Postby OLTB » February 20th, 2018, 7:52 pm

Evening all - I don't know why, but I'm feeling a little despondent/dispirited about my HYP. I"m not too sure if it's normal to get doubt about any investment strategy from time to time (I'm about 18 months in) and whether the feeling will pass eventually, and I might just need to stick with the plan.
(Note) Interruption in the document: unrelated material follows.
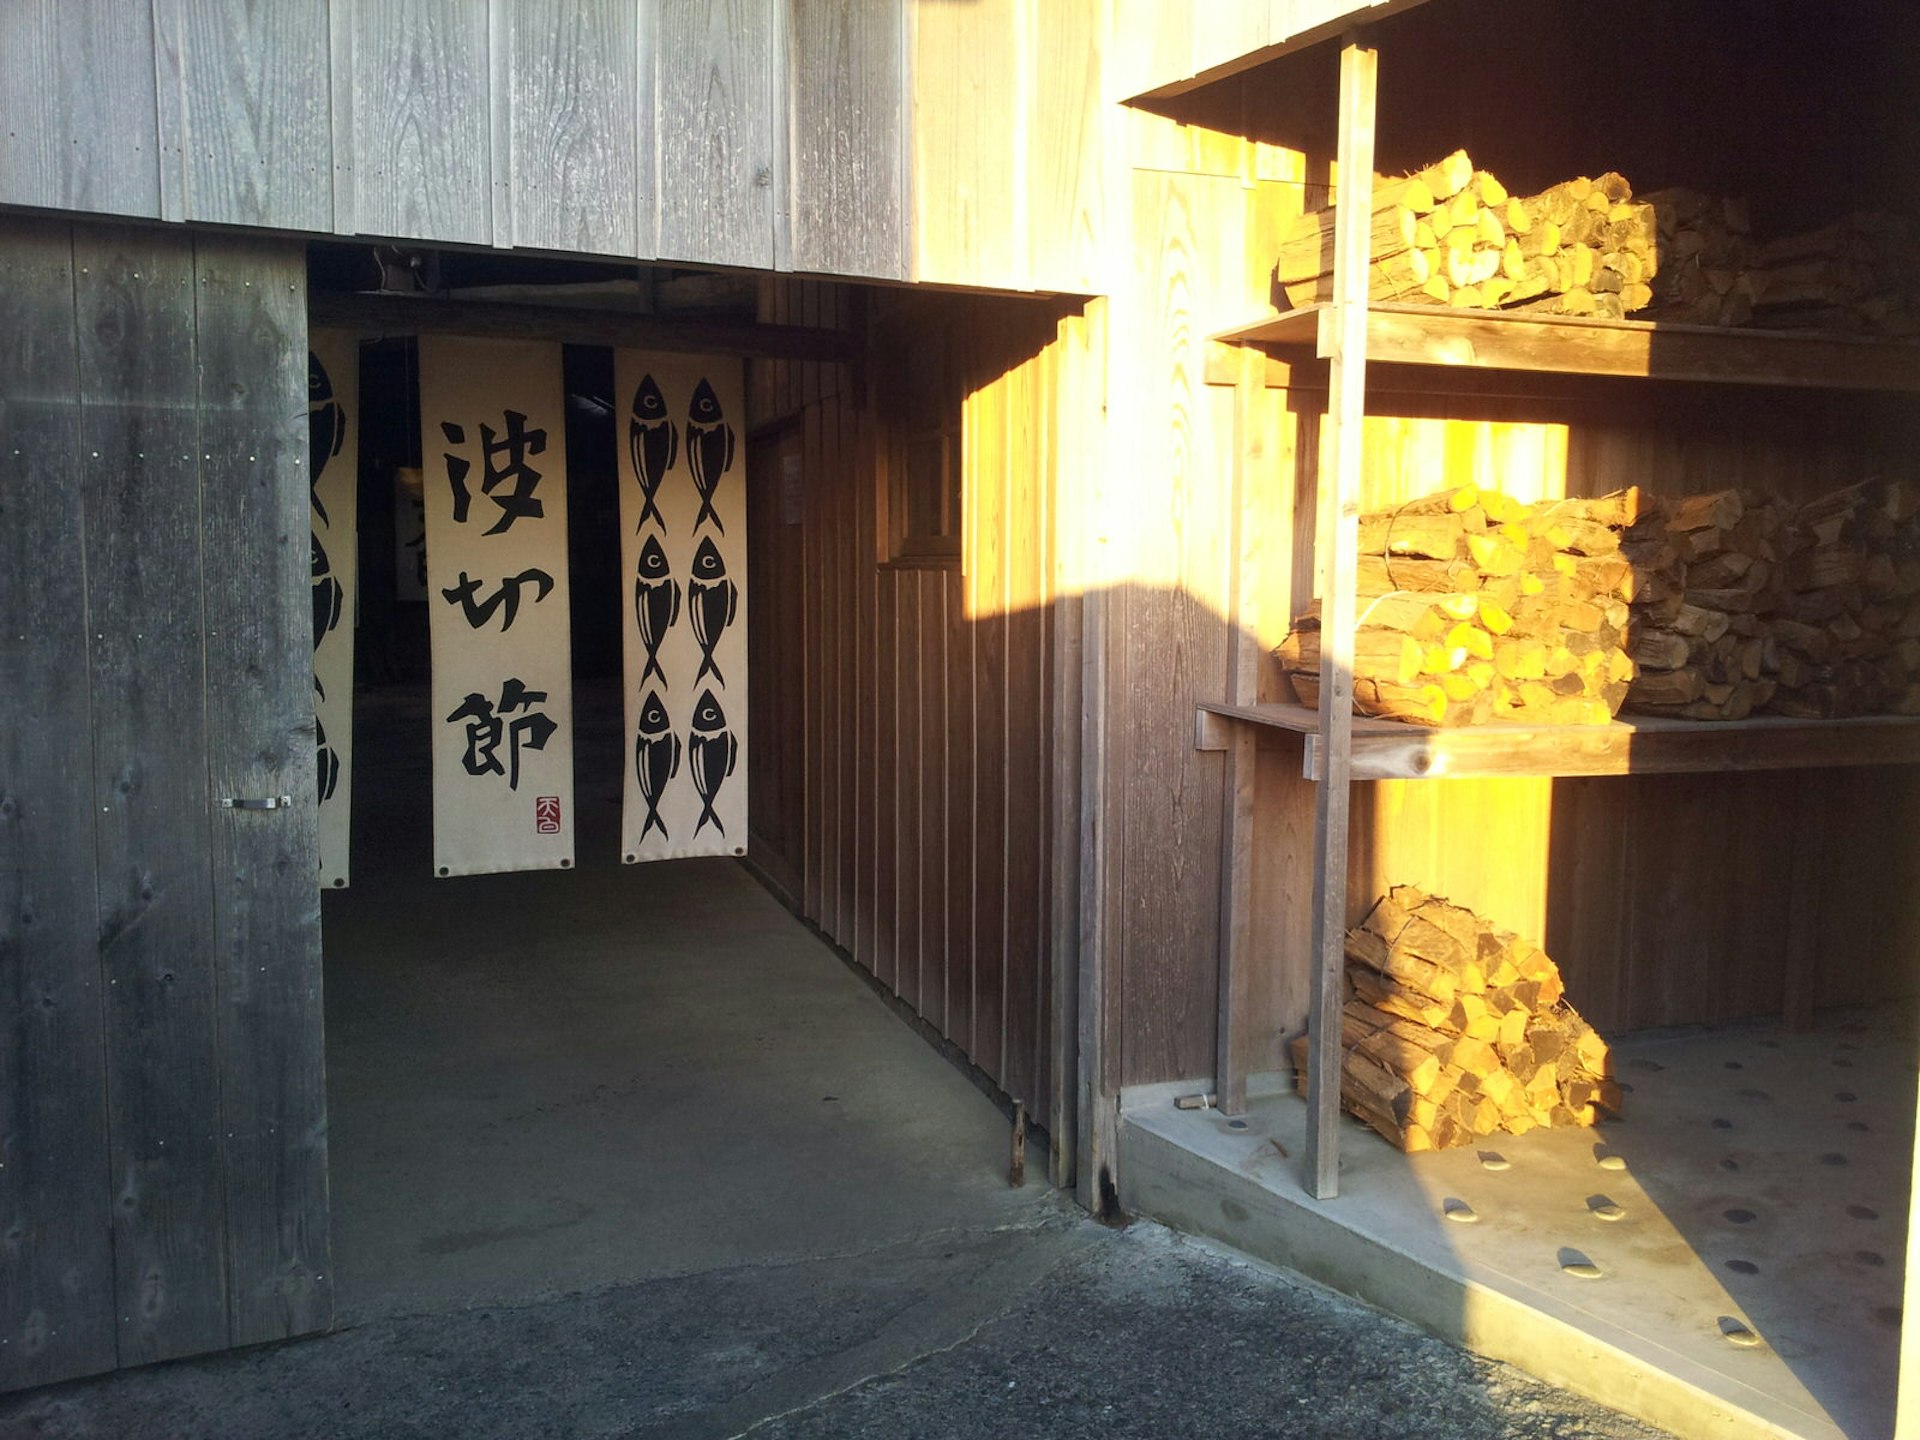 Tenpaku smoking hut, with signs designed by woodblock artist Tokuriki Tomikichirō
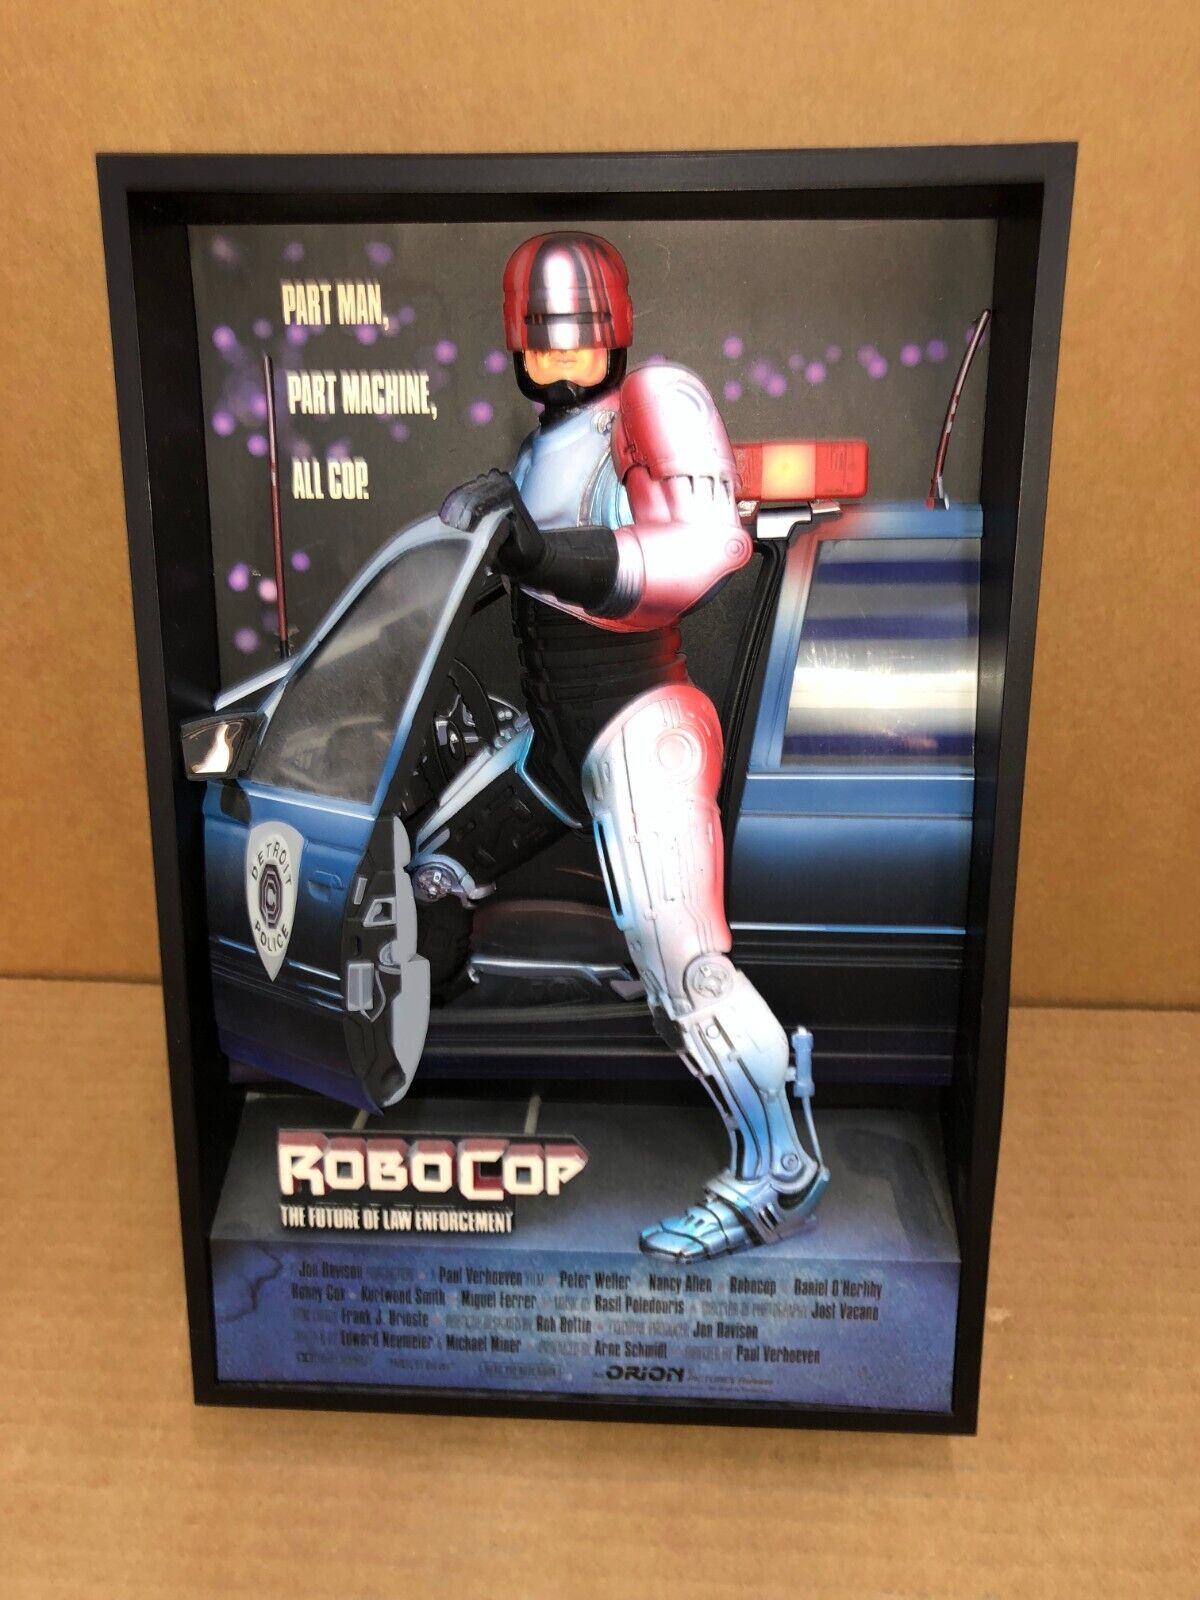 2007 McFarlane Toys Pop Culture Masterworks Robocop 3D Movie Poster

I have the possibility of receiving a small lump sum later this year from my employer and I was planning to invest it in my HYP. Like any sane person, I don't wish to throw money away and when I look at some of the candidates that would be included in my 17 sector HYP top up, I can think of very good reasons why I wouldn't want to; namely:

BAE Systems: low yield/little growth (not HYP I know, but still a reason)
Glaxo: little dividend appreciation in the foreseeable future/possibly a dividend cut/massive debt
Greene King: An increase in shorting activity - fairly volatile share price recently
Imperial Brands: Negative sentiment towards sector and again, fairly large falls in share price
SSE: potential for significant political interference
United Utilities: as above (and perhaps a total wipe out if re-nationalised)

Now, I know that there is never a time in the market when every sector is tickitty-boo and there is a risk with all investing, that's part of the risk/reward strategy. I also know that I don't have to invest in the above companies/sectors if I don't want to, but I also know it's important to have as equally balanced portfolio as possible.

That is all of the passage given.